For years we were told that white burgundy needed to be aged to be enjoyed – depending on the label, say 5-20 years – but it seems that the market must now evolve to survive – why? Well unfortunately today there is a third style, and it is rapidly relegating the concept of mature bottles to history. That third style is brought about by the oxidation potential of today’s wines, many of which are destined to be poured away.
Random, premature – or both?
It started with cases of wine where random bottles were completely oxidised, though the bottles all around it were sound. But the longer you waited, the higher the number of bottles that were affected. Many producers were blind to the problem, still failing to link the unsound bottles pulled from their own cellar with market ‘hearsay’. The market’s whisper grew louder, eventually all the producers would know of the problem, though plenty still opined that ‘it wasn’t ‘their’ problem’.

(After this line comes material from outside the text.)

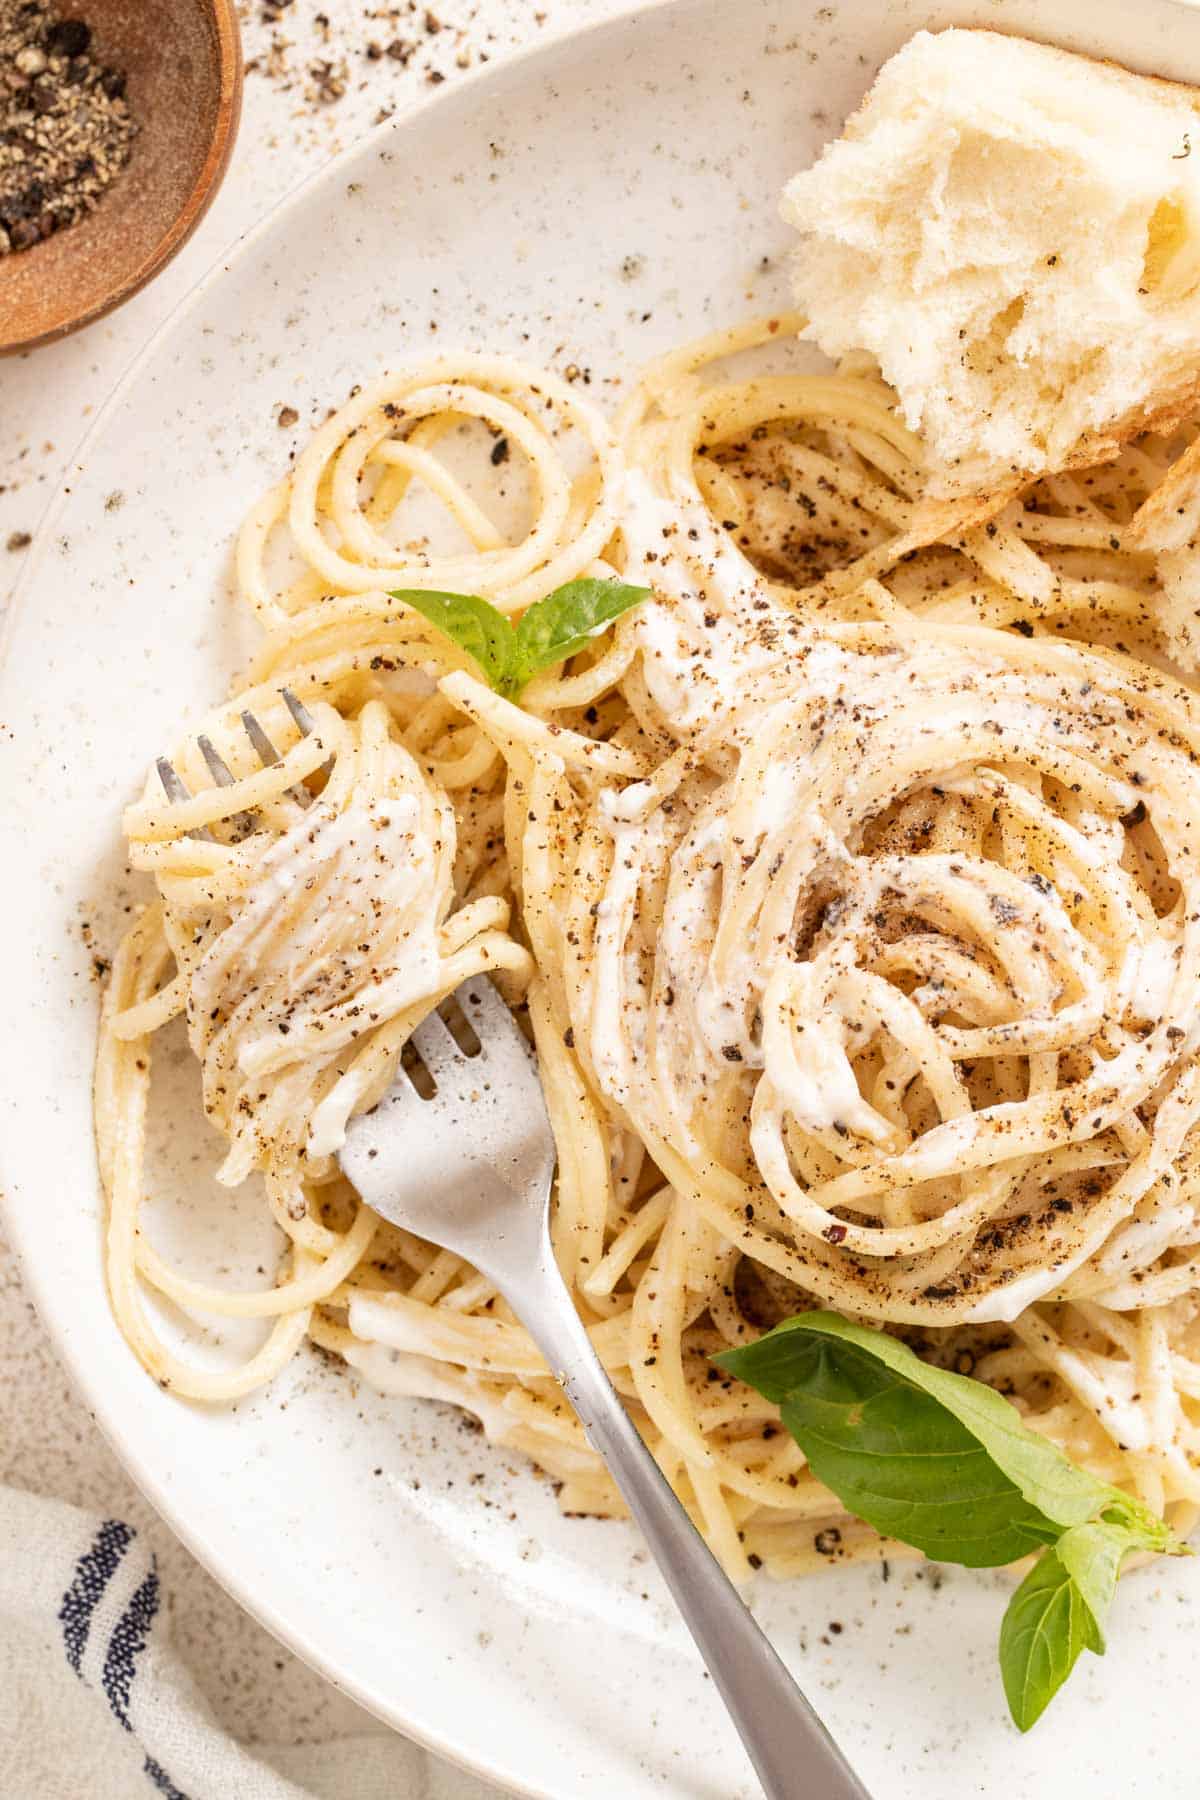 Creamy pasta twirled around a fork next to a slice of bread and fresh basil.
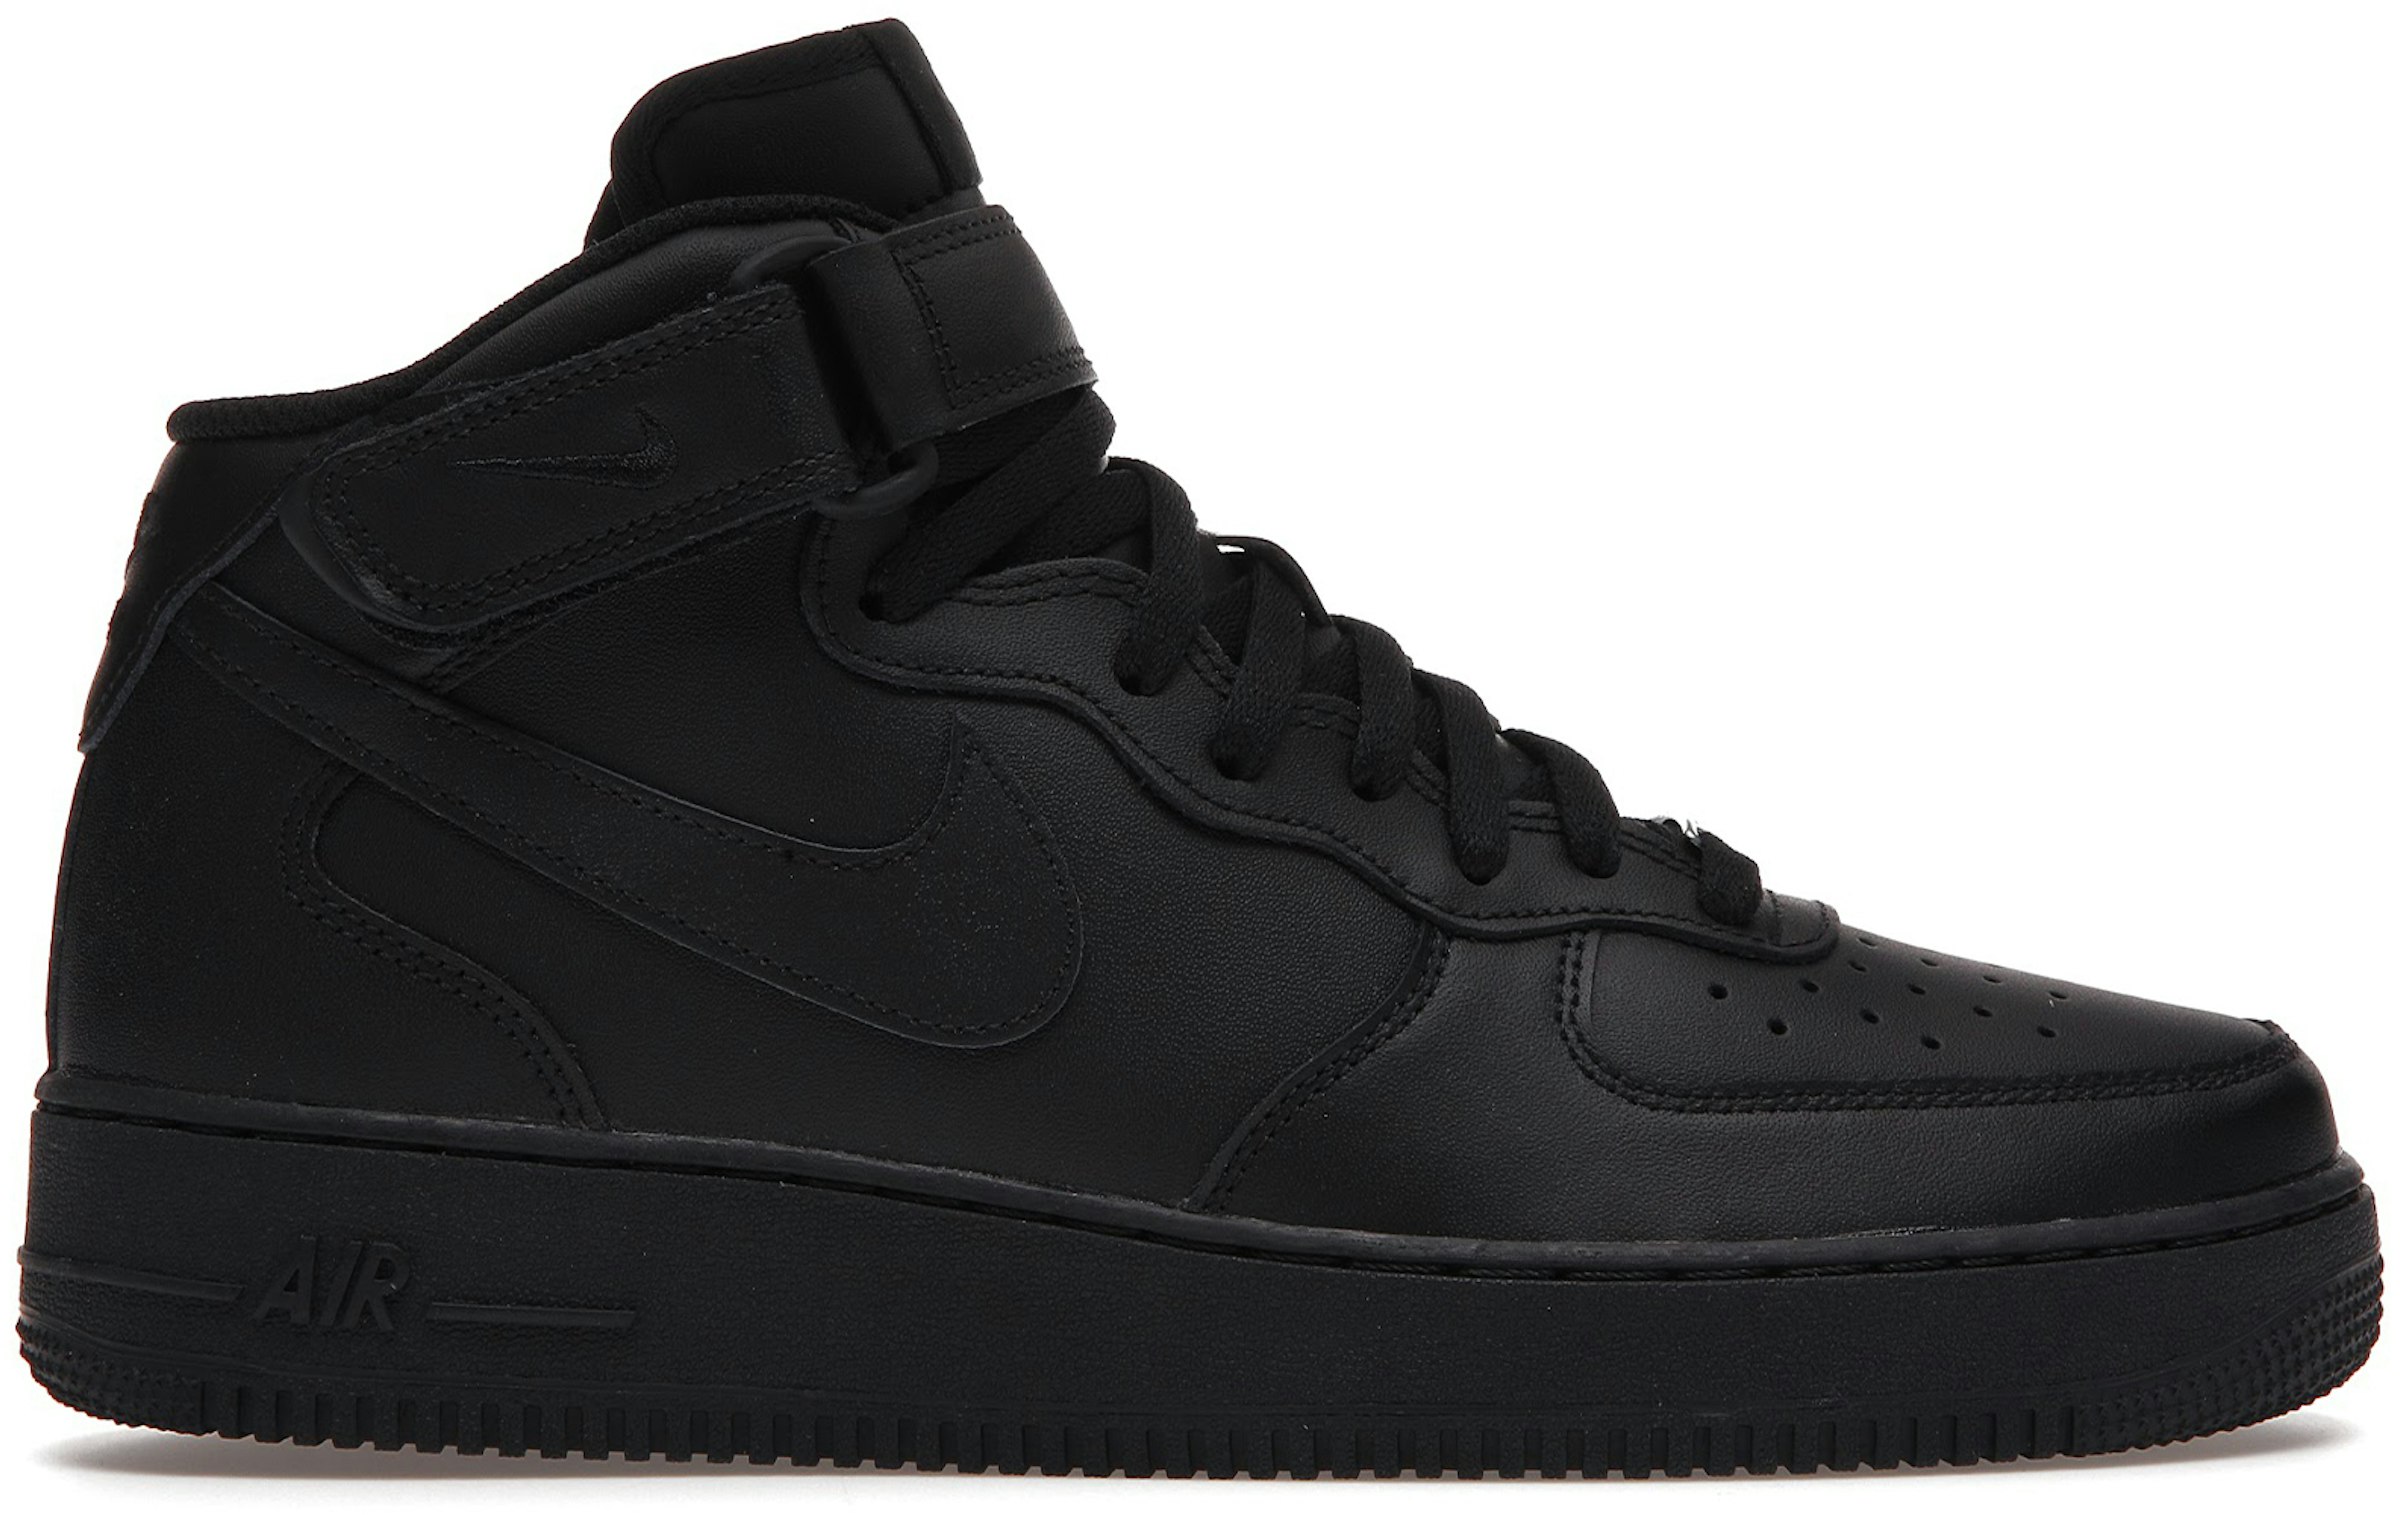 Componer Injusticia mantequilla Nike Air Force 1 Mid '07 Triple Black (2021) Men's - 315123-001/CW2289-001  - US

That the early incidence seemed random, ensured that the corks quickly came to be labeled as ‘the problem’; waxed or paraffin treated? perhaps peroxide washed? Clearly there was no escaping the fact that ‘random’ required something ‘variable’ and that the corks were the only ‘variable’ in a neat wine-production process. The producers, for a couple more vintages, were able to wash their hands of the problem – a couple more vintages where people didn’t start the search for a solution. That everyone still wanted to buy their wine indicated that there was nothing to worry about – but clearly the problem was more fundamental. Move forward to 2010 and even good wines are hard to sell!
That’s positive in a negative sense! There is also the problem of false attribution / diagnosis. The fact that wines in their youth are about energy and mature wines are not, clearly indicates some continuum between the two as the wines age. I’m absolutely convinced that many wines described as being on the road to being prematurely oxidised (p.ox), due to a lack of energy, with more honeyed than citrus aromas, are in fact nothing more than wines displaying a ‘traditional’ ageing curve. For me, unless there is some clear oxidative character, a wine has simply been opened at the wrong time – neither young nor mature.
Looking for faults or always expecting the worst has taken much joy out of drinking white burgundy, yet the joy of a perfect bottle is now ‘in excelsis’ when achieved!
The chance of a solution?
Currently quite low.
Of course the problem can be mitigated by a better (more consistent) seal than standard cork, but a majority of producers now accept that the problem is fundamental to the base wine – it is more sensitive to oxidation than it was before – and that the variability of corks was nothing more than some bottles decaying at 4 years of age, others at 10 years depending on how much better was the cork, but most would be ‘dead’ by 15 years of age.
Many producers have almost as many beliefs (suggestions would be closer to the mark) as to the base issue, and here is the crux – despite the individual efforts of many (for example) there is no concerted, (joined-up) search for a cause, or causes. One producer just adds more sulfur, another presses the grapes harder and third does both – in the end, it is nothing more than tinkering!
Clearly, some producers are more affected than others, but given that XXXX-Montrachet from many producers will oxidise, will you still, without thought, pay €2,000 for a case from someone with a ‘better’ record? Like me, you are more likely to buy 2 or 3 bottles instead, drinking one young and praying for the others – it’s not a great choice is it?